2. CLASSIFICATION SYSTEMS FOR ORGANIZING LARGE ELECTRONIC INFORMATION ARCHIVES

2.1. Advantages of Classification-Based Interfaces

Organizing books and documents in a digital library interface by an a priori classification system may seem to be a weak alternative to the variety of ad hoc organizations possible in response to searches. However, a consistent structure, reflecting a commonly agreed upon organization of knowledge, may help orient the user. As suggested by Mann[15]:

Given identical computer systems for searching the catalog records, is there an additional and substantial advantage in being able to search the full texts themselves in subject-browseable groups?
I submit that anyone who actually has to do research, especially in unfamiliar subject areas or in languages in which he [sic] has little proficiency, would have a decided and fully justified preference for working in Library A [with subject-browseable groups]. (page 131).
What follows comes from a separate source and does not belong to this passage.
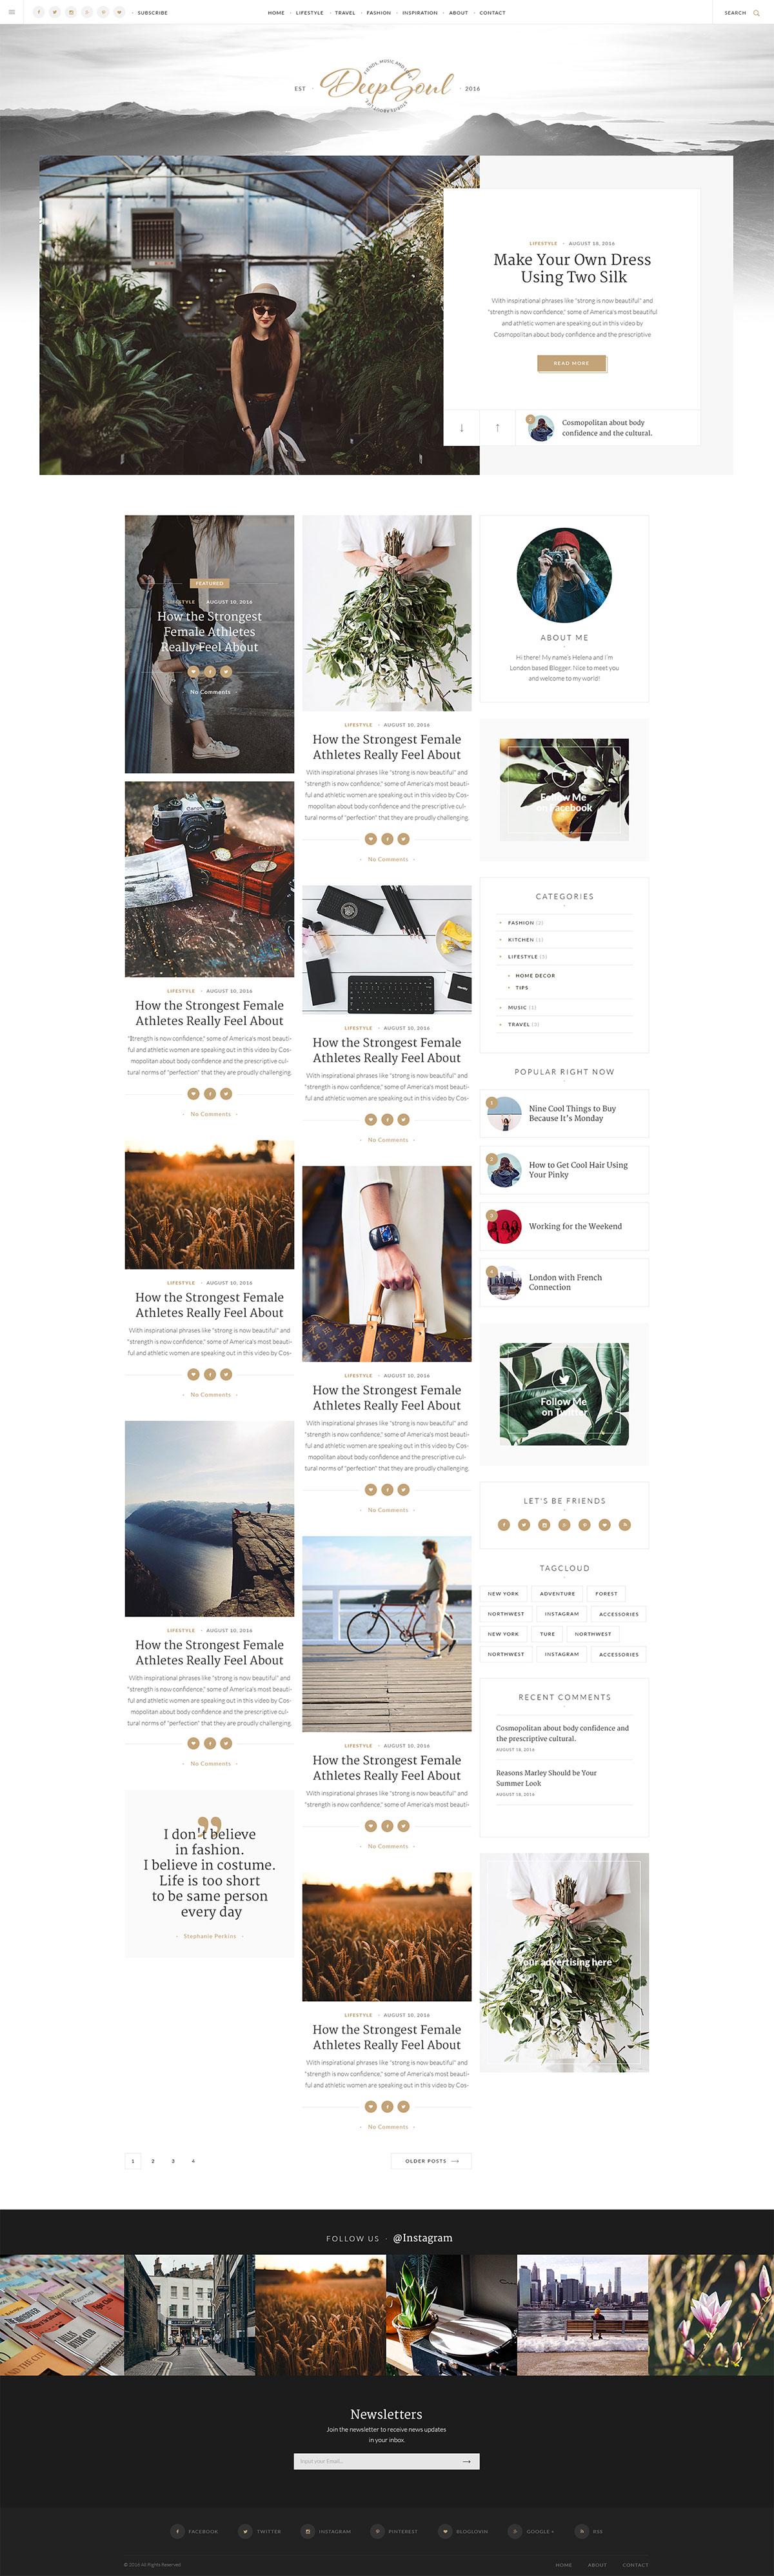 如何才能提升旅行类博客的阅读体验?
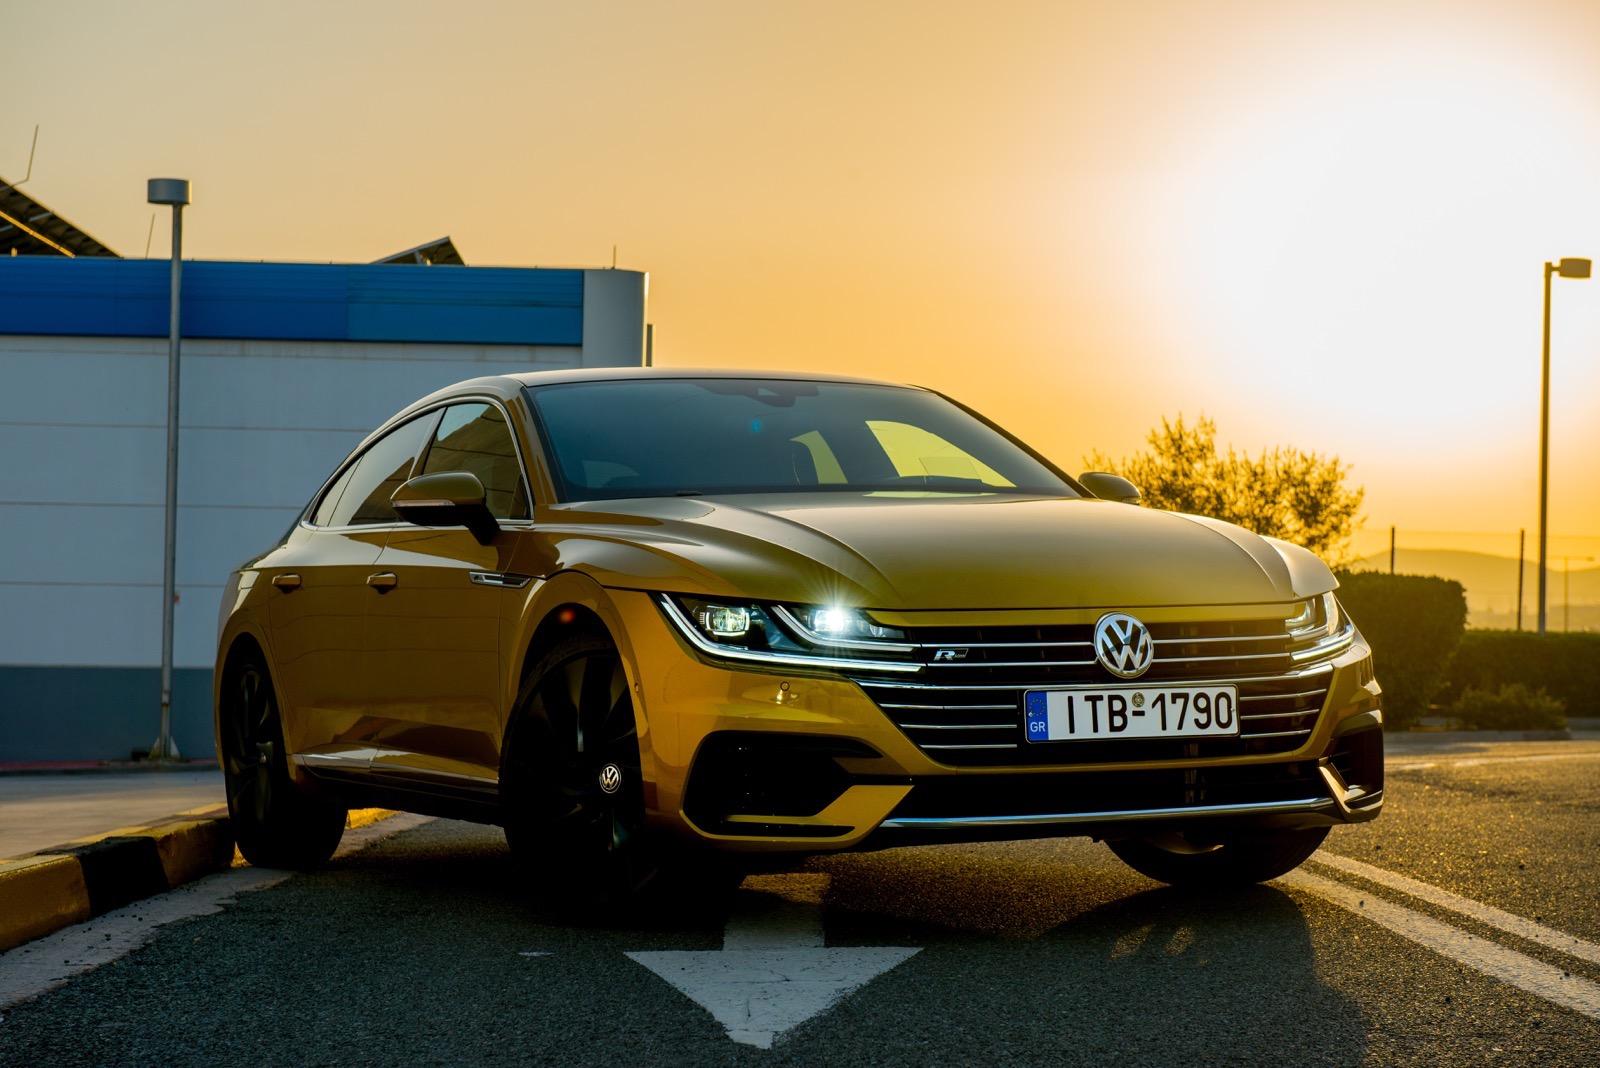 Volkswagen_Arteon_Greek_Presentataion_72

Indeed, an interface which reflects the structure of the classification system essentially provides suggestions to a user about further options to pursue following a search. That is, after a search a user can select from the node labels of the classification system near the search hits to identify the subdivisions that may help further refine the search. The classification system can also be used to restrict searches so as to reduce the computational cost and avoid overwhelming users with spurious information.

This paper considers two types of interfaces for accessing books and documents organized in classification systems. The interfaces have been implemented in the X Window System using Motif widgets. The first interface (Section 2) is for the Dewey Decimal Classification (DDC). this uses the hierarchical organization to facilitate browsing and the presentation of book records. The second interface (Section 3) manages documents organized by a type of faceted classification system.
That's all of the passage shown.